Conclusions: This study highlights the enduring impact of long COVID on quality of life and physical activity, with specific brain structural changes identified two years post-infection. Although cognitive tests did not show clear impairment, the observed brain atrophy and significant reduction in quality of life emphasize the need for comprehensive interventions and further longitudinal studies to understand the long-term effects of long COVID on cognition and brain health.

Source: Cataldo SA, Micciulli A, Margulis L, Cibeyra M, Defeo S, Horovitz SG, Martino A, Melano R, Mena M, Parisi F, Santoro D, Sarmiento F, Belzunce MA. Cognitive impact and brain structural changes in long COVID patients: a cross-sectional MRI study two years post infection in a cohort from Argentina. BMC Neurol. 2024 Nov 18;24(1):450. doi: 10.1186/s12883-024-03959-8. PMID: 39558250; PMCID: PMC11572126. https://pmc.ncbi.nlm.nih.gov/articles/PMC11572126/ (Full text)

Long COVID Is Not a Functional Neurologic Disorder

Abstract:

Long COVID is a common sequela of SARS-CoV-2 infection. Data from numerous scientific studies indicate that long COVID involves a complex interaction between pathophysiological processes. Long COVID may involve the development of new diagnosable health conditions and exacerbation of pre-existing health conditions. However, despite this rapidly accumulating body of evidence regarding the pathobiology of long COVID, psychogenic and functional interpretations of the illness presentation continue to be endorsed by some healthcare professionals, creating confusion and inappropriate diagnostic and therapeutic pathways for people living with long COVID.

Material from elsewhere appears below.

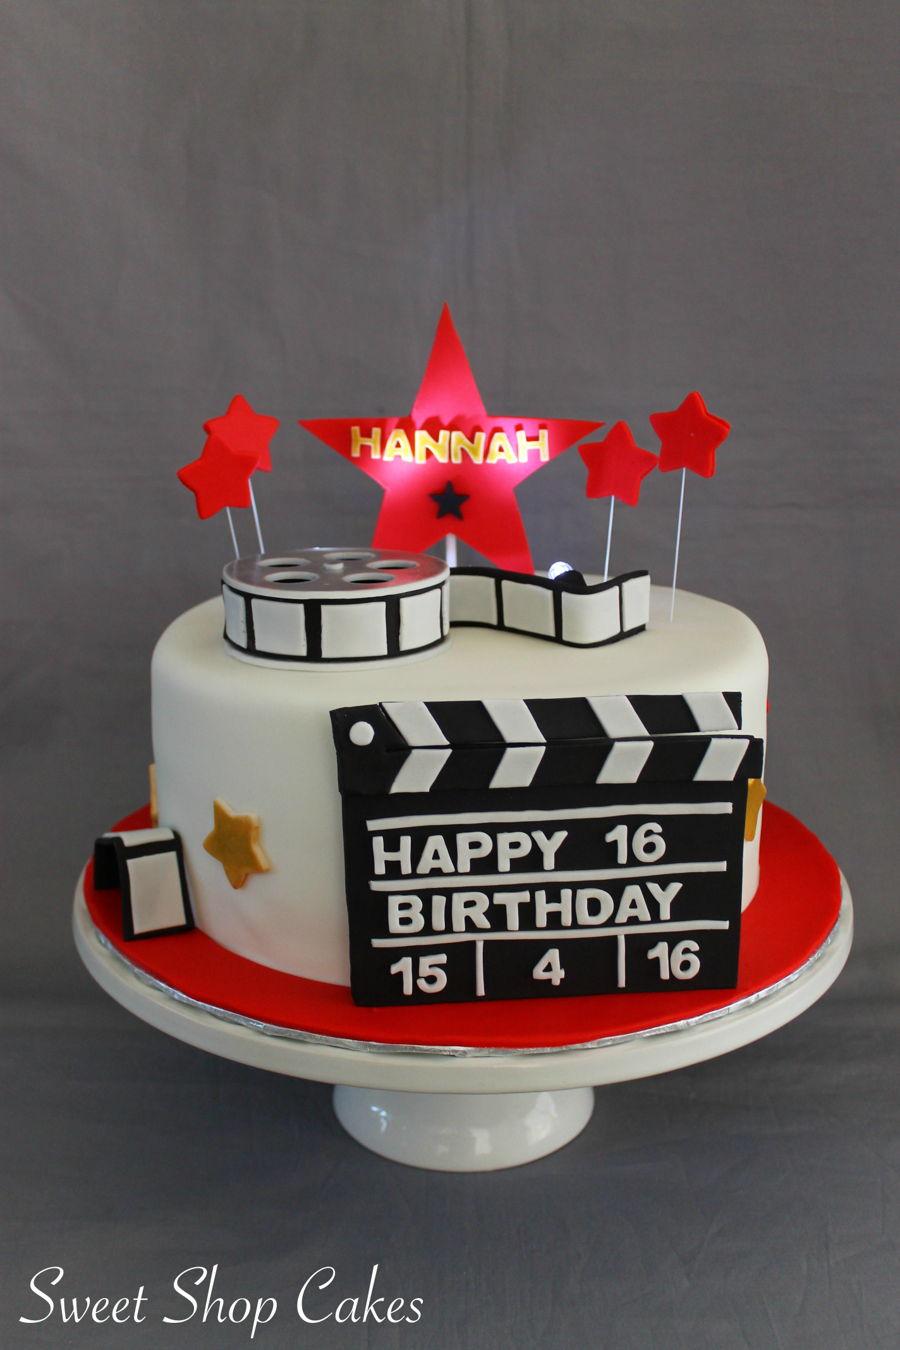 900_hollywood-birthday-cake-937512g4SlT.jpg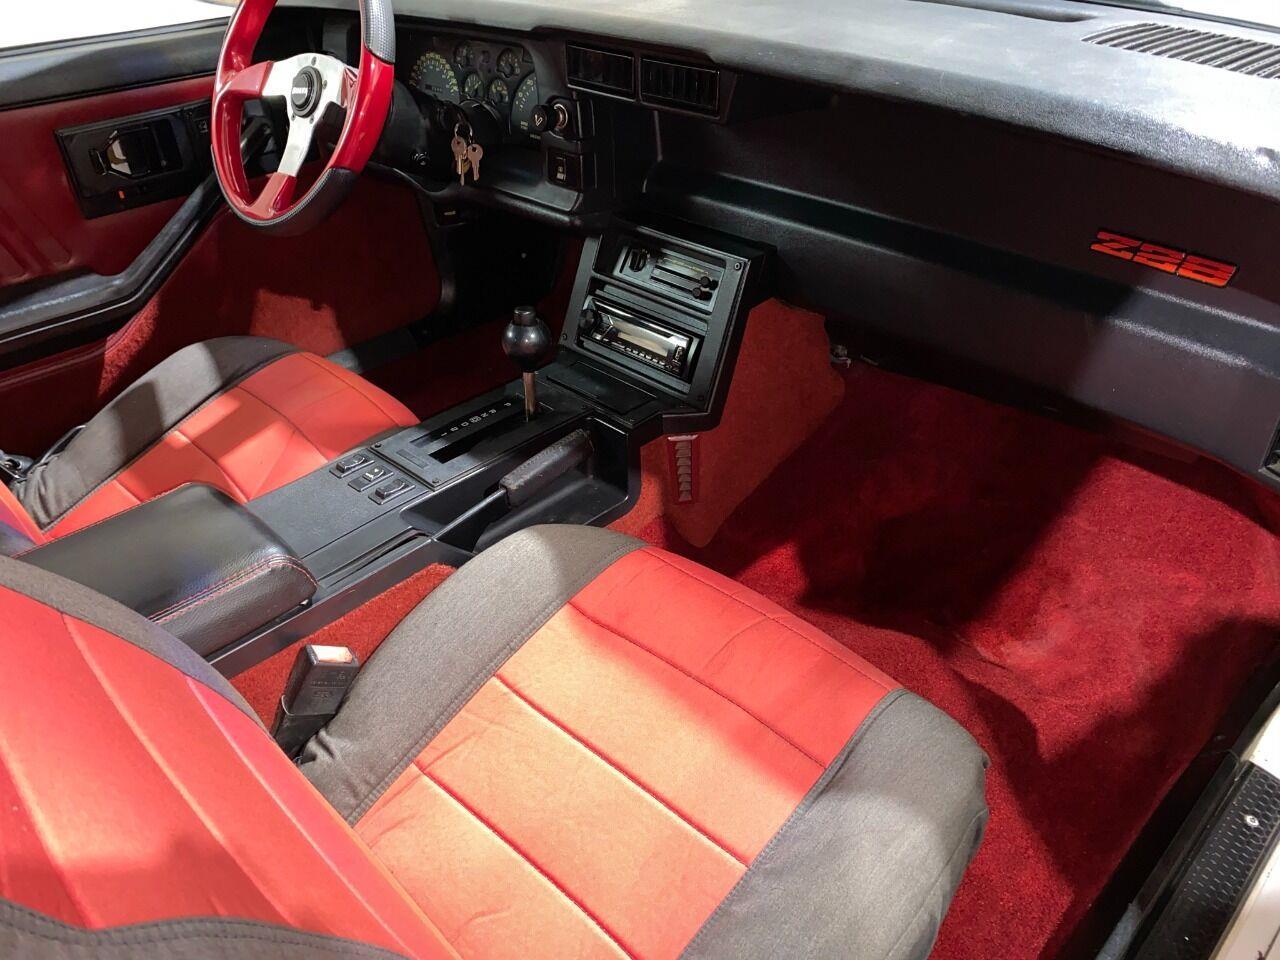 1991 Chevrolet Camaro (CC-1422274) for sale in Malone, New York

The purpose of this perspective is to present a clinical and scientific rationale for why long COVID should not be considered as a functional neurologic disorder. It will begin by discussing the parallel historical development of pathobiological and psychosomatic/sociogenic diagnostic constructs arising from a common root in neurasthenia, which has resulted in the collective understandings of myalgic encephalomyelitis/chronic fatigue syndrome (ME/CFS) and functional neurologic disorder (FND), respectively. We will also review the case definition criteria for FND and the distinguishing clinical and neuroimaging findings in FND vs. long COVID.

We conclude that considering long COVID as FND is inappropriate based on differentiating pathophysiologic mechanisms and distinguishing clinical findings.

Source: Davenport TE, Blitshteyn S, Clague-Baker N, Davies-Payne D, Treisman GJ, Tyson SF. Long COVID Is Not a Functional Neurologic Disorder. J Pers Med. 2024 Jul 29;14(8):799. doi: 10.3390/jpm14080799. PMID: 39201991. https://www.mdpi.com/2075-4426/14/8/799 (Full text)

Brain microstructural changes and fatigue after COVID-19

Abstract:

Background: Fatigue and cognitive complaints are the most frequent persistent symptoms in patients after severe acute respiratory syndrome coronavirus 2 (SARS-CoV-2) infection. This study aimed to assess fatigue and neuropsychological performance and investigate changes in the thickness and volume of gray matter (GM) and microstructural abnormalities in the white matter (WM) in a group of patients with mild-to-moderate coronavirus disease 2019 (COVID-19).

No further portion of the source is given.